Generation: The encoded documents are used as input to a generation-based model, which generates the final output text. The generation model can be a traditional language model, a sequence-to-sequence model, or a transformer-based model.
Post-processing: The generated text may undergo post-processing, such as editing or refinement, to further improve its quality.

RAG has several advantages over traditional retrieval-based and generation-based approaches:

Improved accuracy: RAG combines the strengths of both approaches, allowing it to generate high-quality text that is both accurate and informative.
Flexibility: RAG can be used for a wide range of NLP tasks, including text summarization, question answering, and text generation.
Scalability: RAG can handle large volumes of data and scale to meet the demands of large-scale NLP applications.

Applications of RAG:

Question Answering: RAG can be used to answer complex questions by retrieving relevant documents and generating accurate answers.
Text Summarization: RAG can be used to summarize long documents by retrieving key points and generating a concise summary.
Text Generation: RAG can be used to generate high-quality text on a given topic or prompt by retrieving relevant documents and generating coherent text.
Chatbots and Conversational AI: RAG can be used to power chatbots and conversational AI systems that can engage in natural-sounding conversations.

To sum up RAG allows LLMs to work on your custom input data.

Benefits of Llamaindex usage in RAG

Loading Data:

Llamaindex uses “connectors” to ingest data from various sources like text files, PDFs, websites, databases, or APIs into “Documents”. Documents are then split into smaller “Nodes” which represent chunks of the original data.

Indexing Data

Llamaindex generates “vector embeddings” for the Nodes, which are numerical representations of the text. These embeddings are stored in a specialized “vector store” database optimized for fast retrieval. Popular vector databases used with LlamaIndex include Weaviate and Elasticsearch.

Querying

When a user submits a query, Llamaindex converts it into an embedding and uses a “retriever” to efficiently find the most relevant Nodes from the index. Retrievers define the strategy for retrieving relevant context, while “routers” determine which retriever to use. “Node postprocessors” can apply transformations, filtering or re-ranking to the retrieved Nodes.
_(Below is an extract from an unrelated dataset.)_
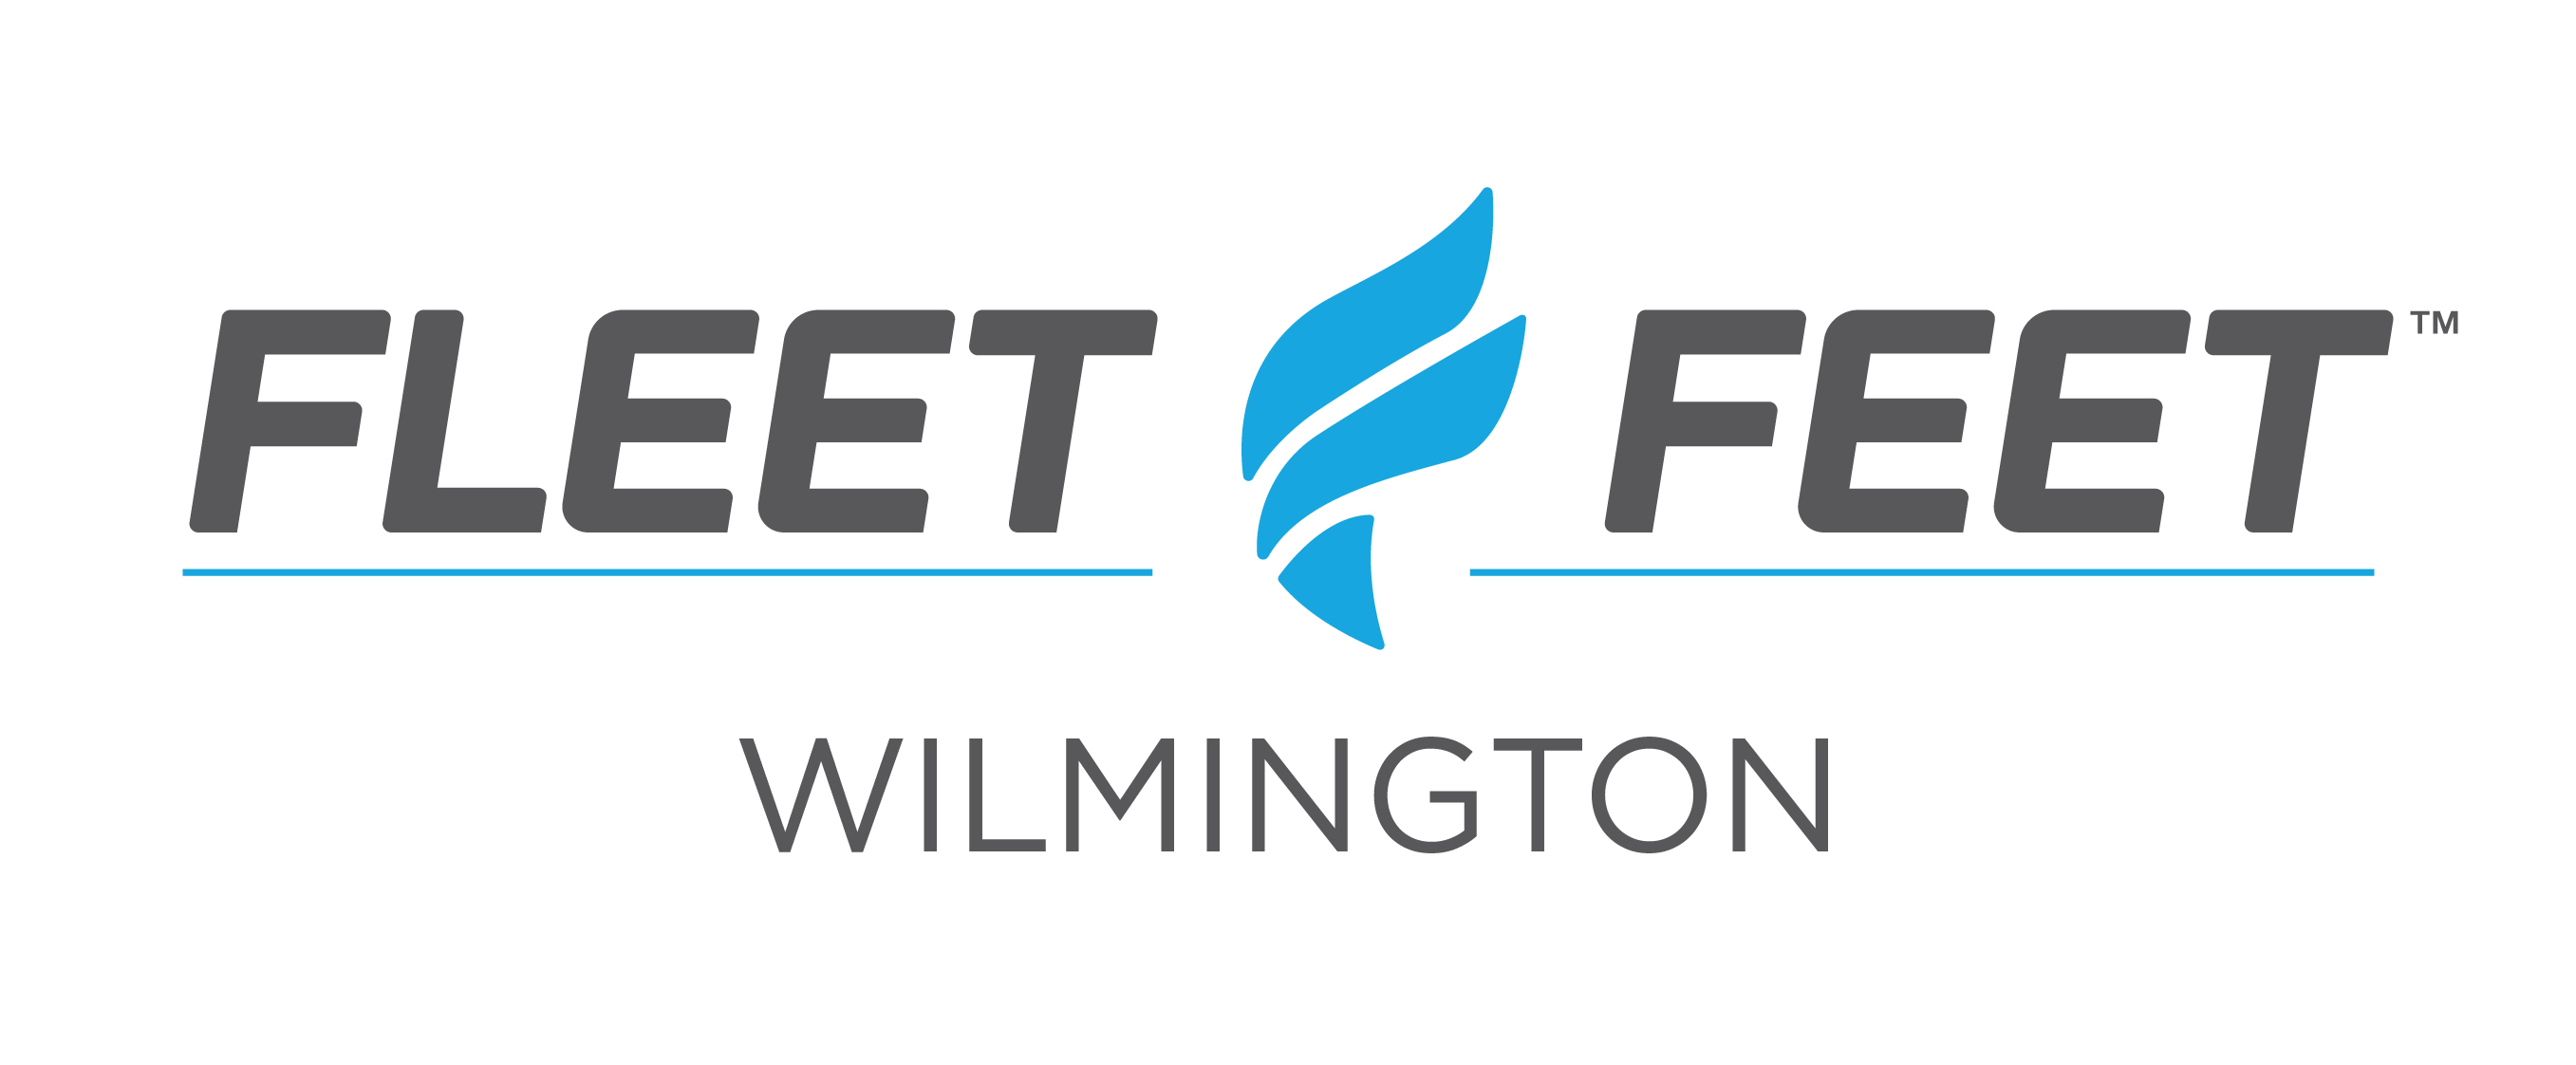 Sponsor Fleet Feet Wilmington

Finally, a “response synthesizer” generates the final answer by passing the user query and retrieved Nodes to an LLM.

Advanced Methods

Llamaindex supports advanced RAG techniques to optimize performance:

Pre-retrieval optimizations like sentence window retrieval, data cleaning, and metadata addition.
Retrieval optimizations like multi-index strategies and hybrid search.
Post-retrieval optimizations like re-ranking retrieved Nodes.
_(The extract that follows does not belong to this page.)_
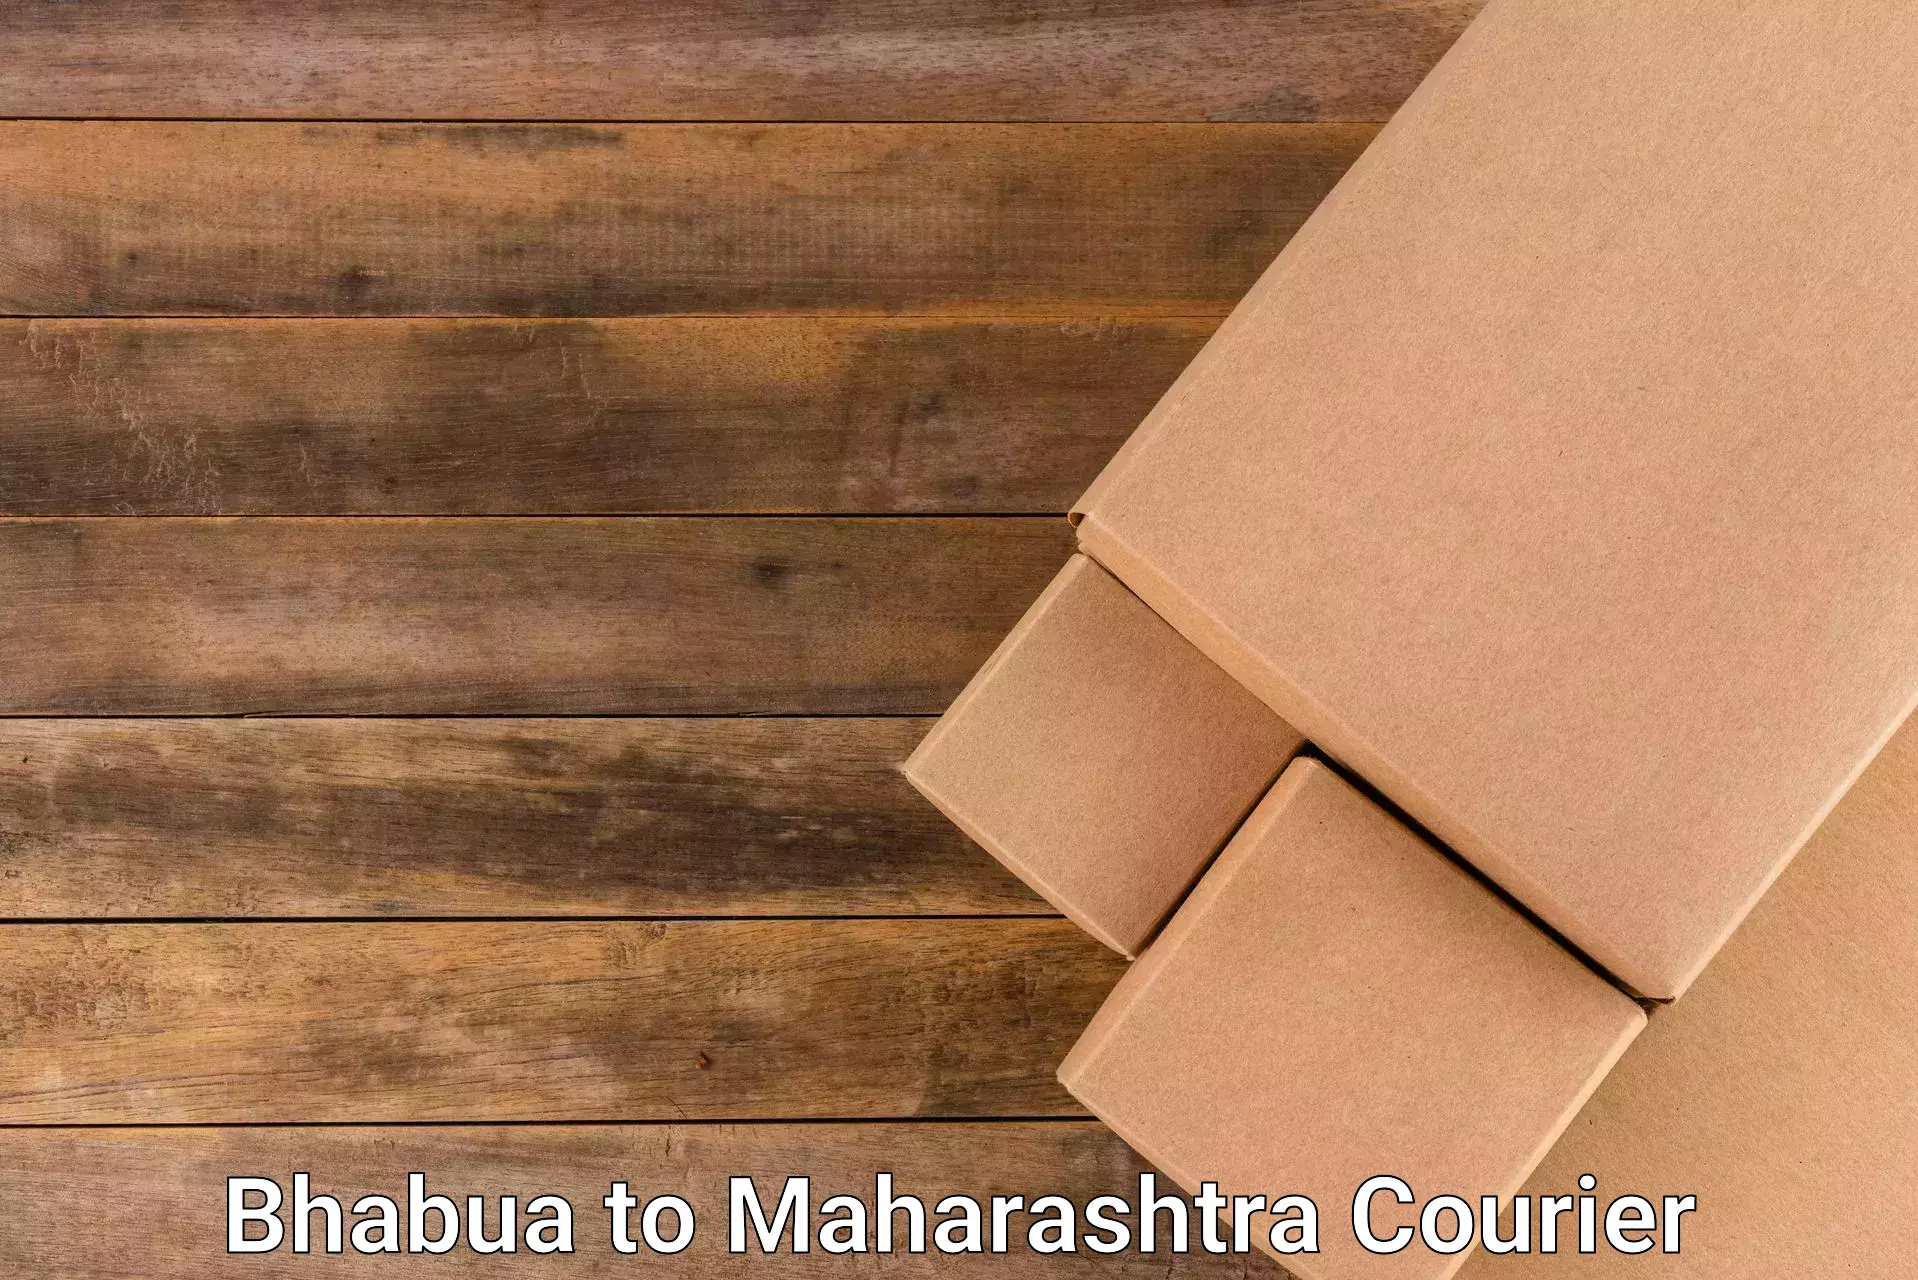 Courier service innovation Bhabua to Maharashtra

By leveraging Llamaindex, you can build production-ready RAG pipelines that combine the knowledge of large language models with real-time access to relevant data. The framework provides abstractions for each stage of the RAG process, making it easier to compose and customize your pipeline.

RAG Pipeline

Now that we’ve got an understanding of how RAG works and how we can plug it up into Llamaindex modules, let's head onto the code implementation.
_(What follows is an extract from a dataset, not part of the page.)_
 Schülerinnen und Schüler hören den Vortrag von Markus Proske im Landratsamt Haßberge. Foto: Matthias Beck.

Open up IDE and start hacking! Following Python implementation needs to install the given packages below:

pip install llama-index

Once installed into our Python interpreter we can import them onto Jupyter Notebook or code file:

from llama_index.core import (
    VectorStoreIndex, 
    SimpleDirectoryReader, 
    StorageContext, 
    ServiceContext, 
    load_index_from_storage
)
from llama_index.core.node_parser import SemanticSplitterNodeParser
from llama_index.embeddings.gemini import GeminiEmbedding
from llama_index.llms.groq import Groq

Data Ingestion

The first step in this RAG pipeline would be to load data. This could be of any format such as PDF, text, code or markdown files, SQL DB, whichever we wish to plug in.

Llamaindex offers a range of data loaders. Be it a local file store or an external one such as Google Drive or MongoDb store Llamaindex has got everything covered.

reader = SimpleDirectoryReader(input_dir="path/to/directory")
documents = reader.load_data()

SimpleDirectoryReader module allows cross-format files/folders to load from the local system.

Parameters:

input_dir — defines the local directory path which contains files to load. To read from subdirectories set recursive=True.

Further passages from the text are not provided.